----- Material provided
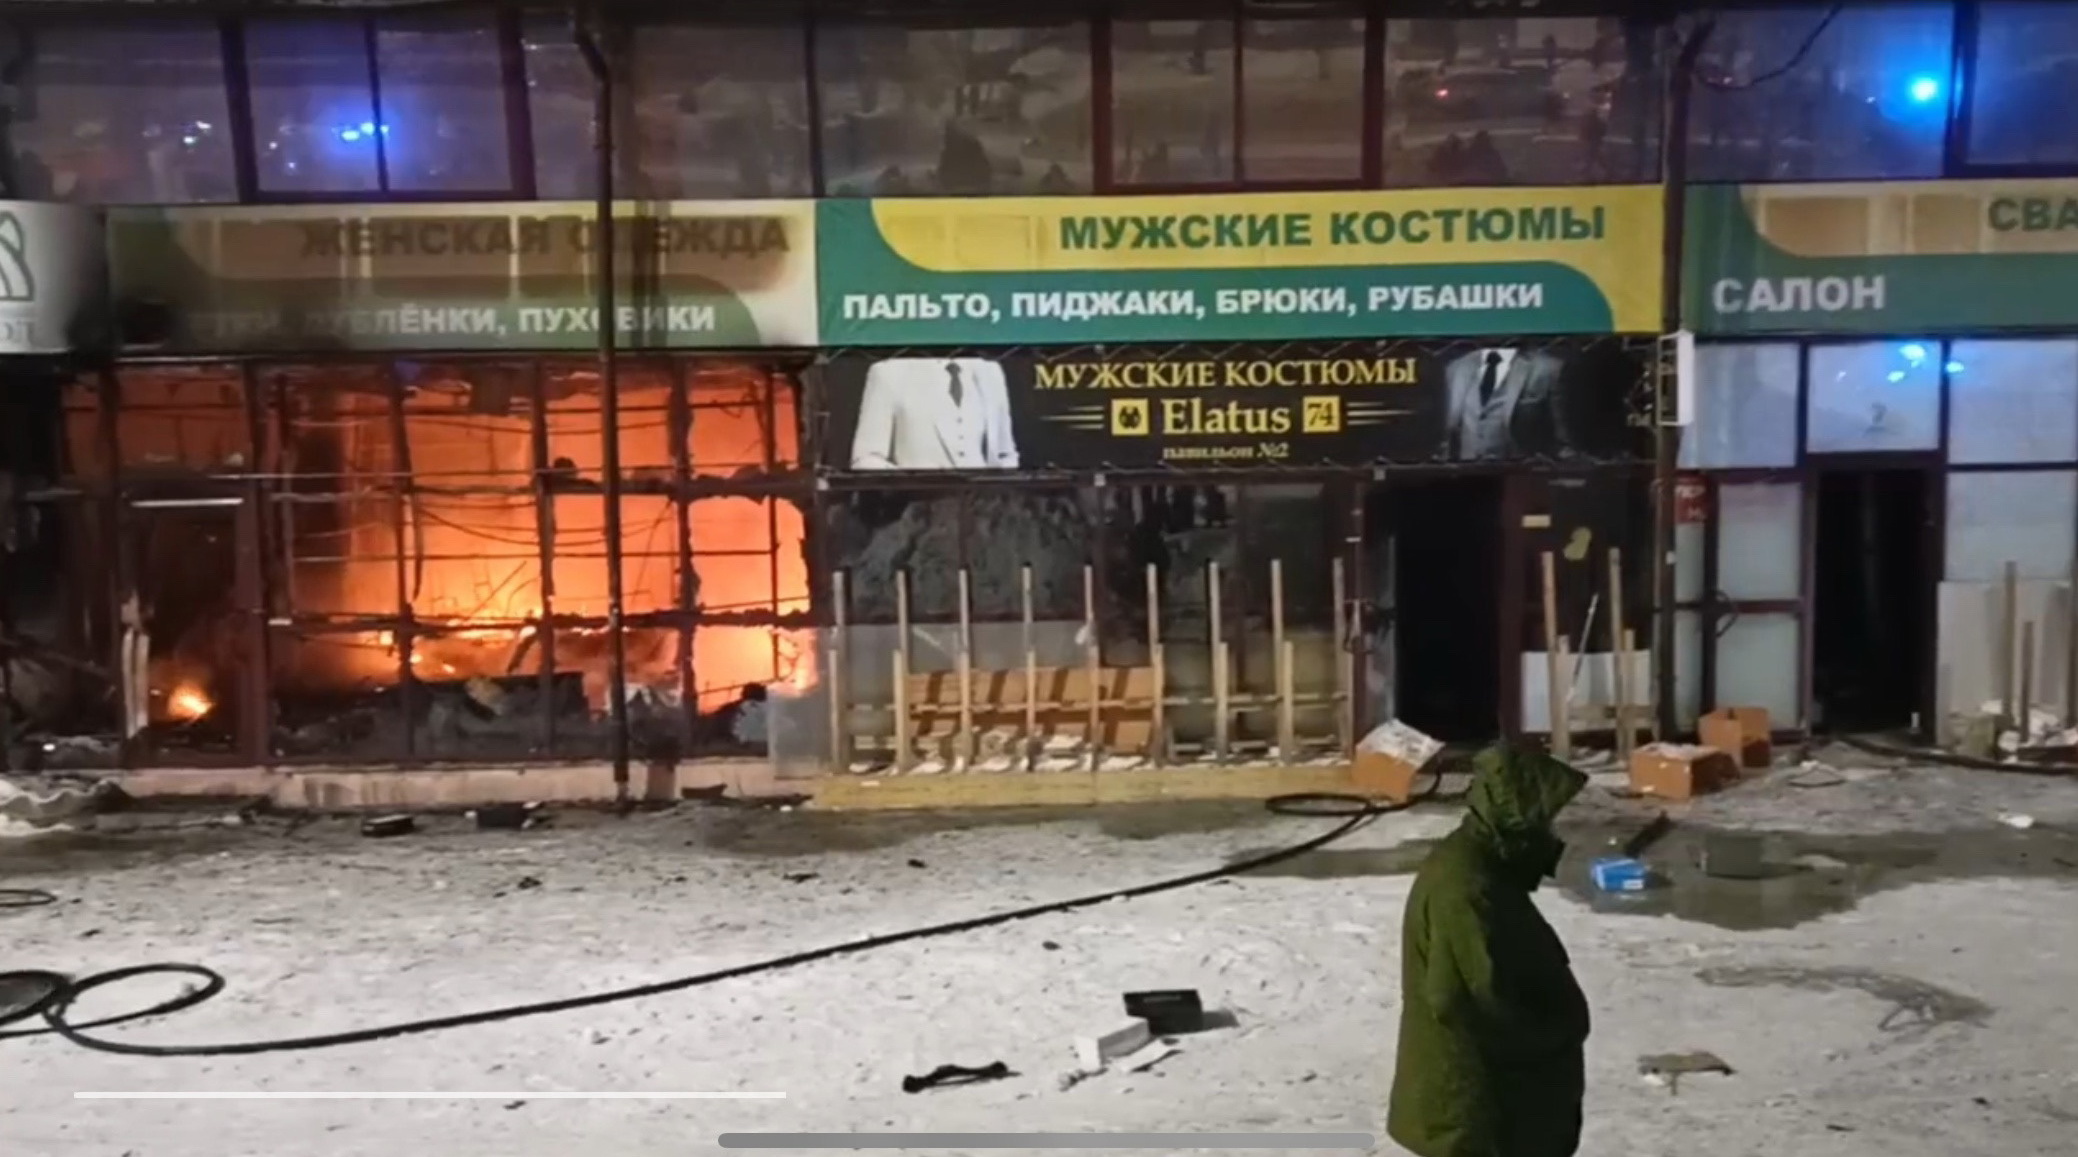 "Восточный город" сгорел: как тушили рынок в центре Челябинска 
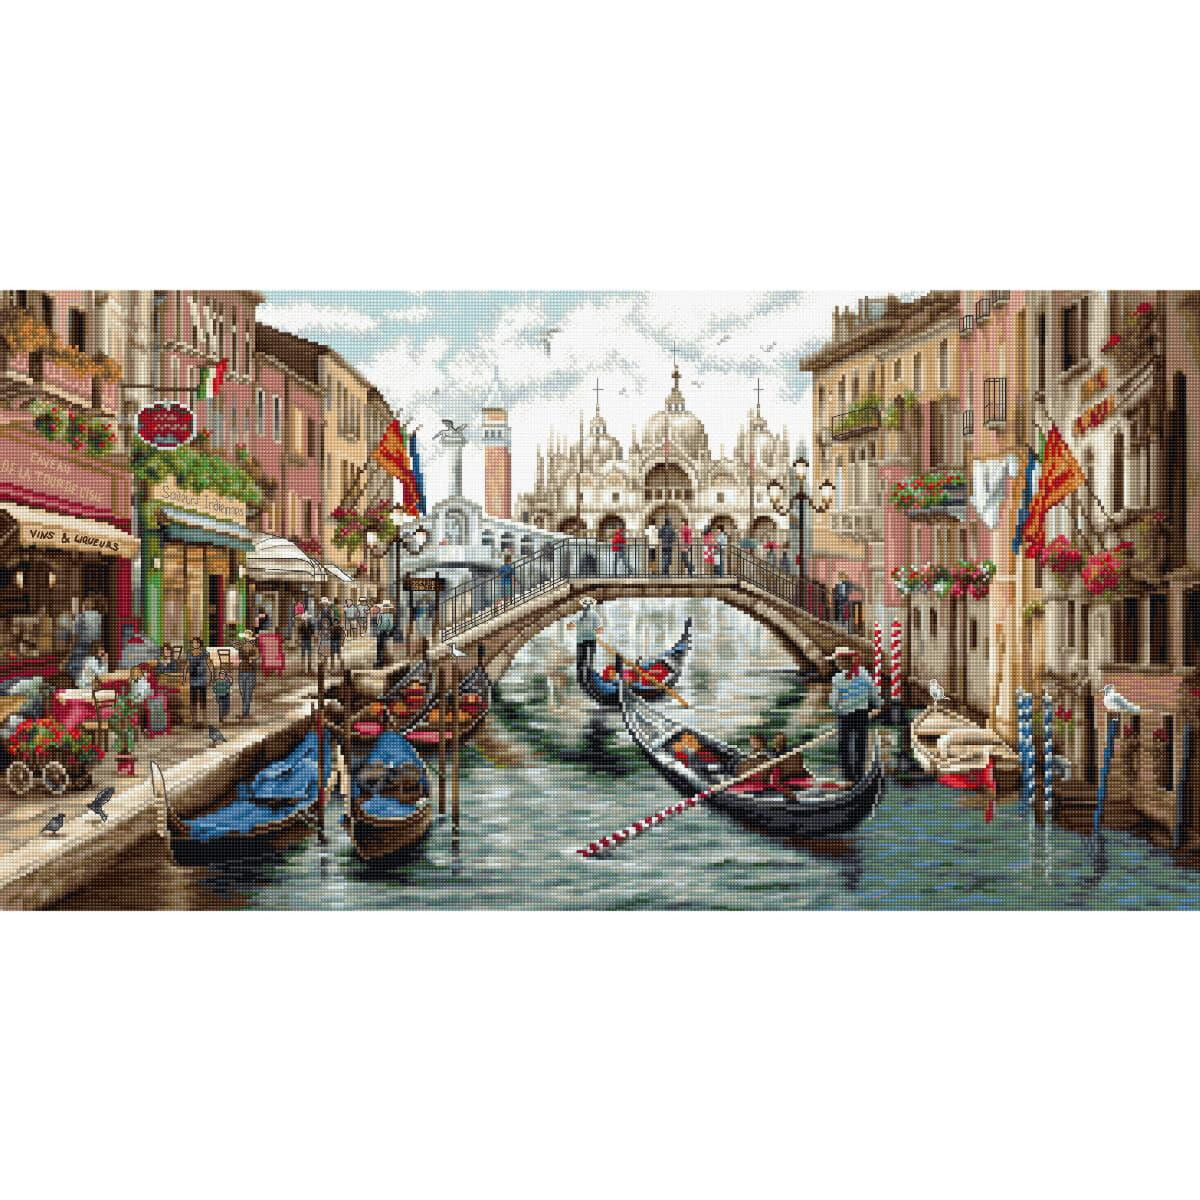 Оживленная сцена на канале в Венеции показывает гондолы,...
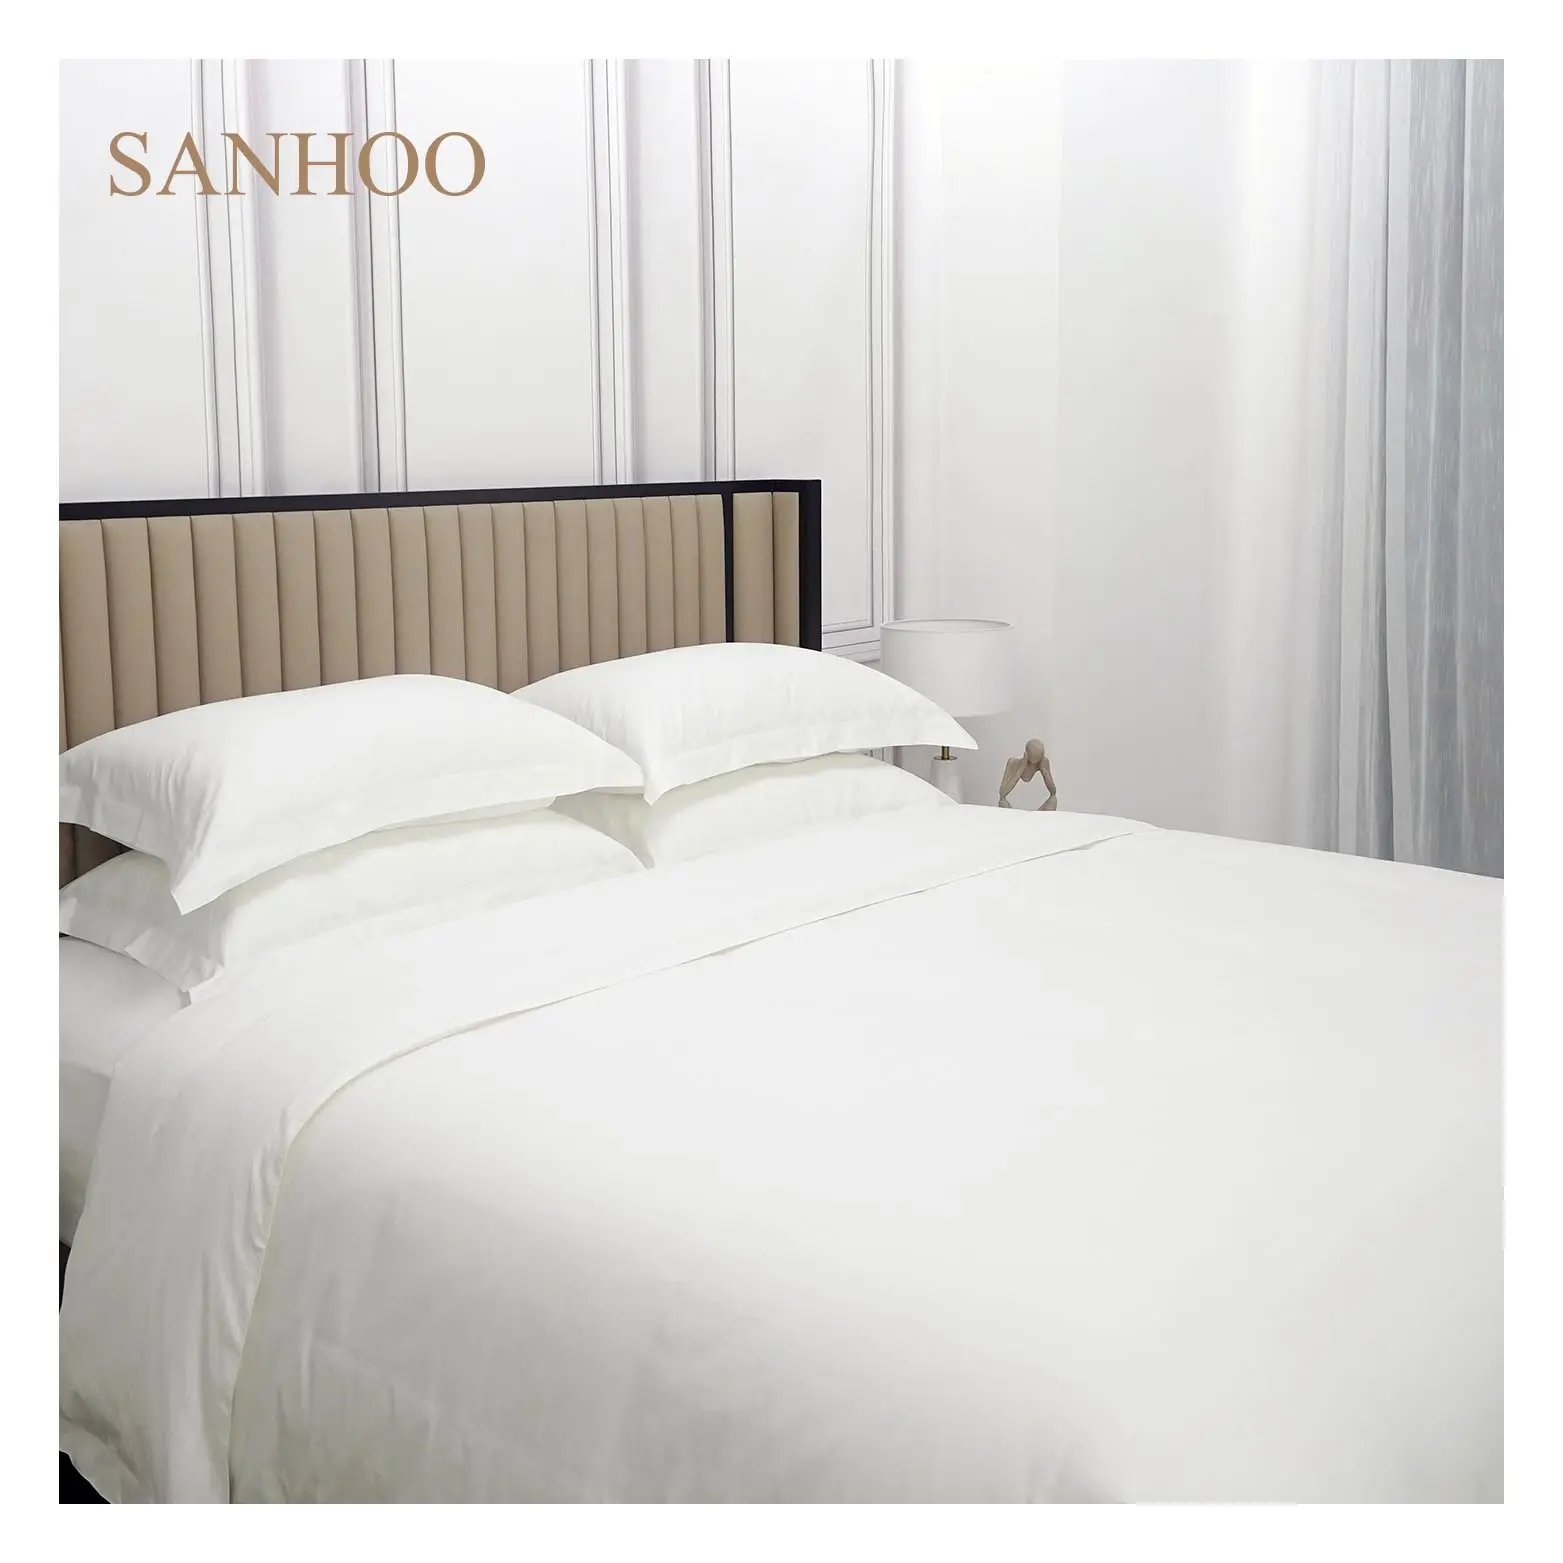 SANHOO – drap de lit en satin peigné 100% coton doux, linge de lit d'hôtel de luxe avec 200 fils
----------
= What is required =
Skip the pictures. Write out exactly the lines from the one with "Оживленная сцена на" through the last line of the listing, both ends included, and nothing more.

= Solution to this task =
 Оживленная сцена на канале в Венеции показывает гондолы,...
 SANHOO – drap de lit en satin peigné 100% coton doux, linge de lit d'hôtel de luxe avec 200 fils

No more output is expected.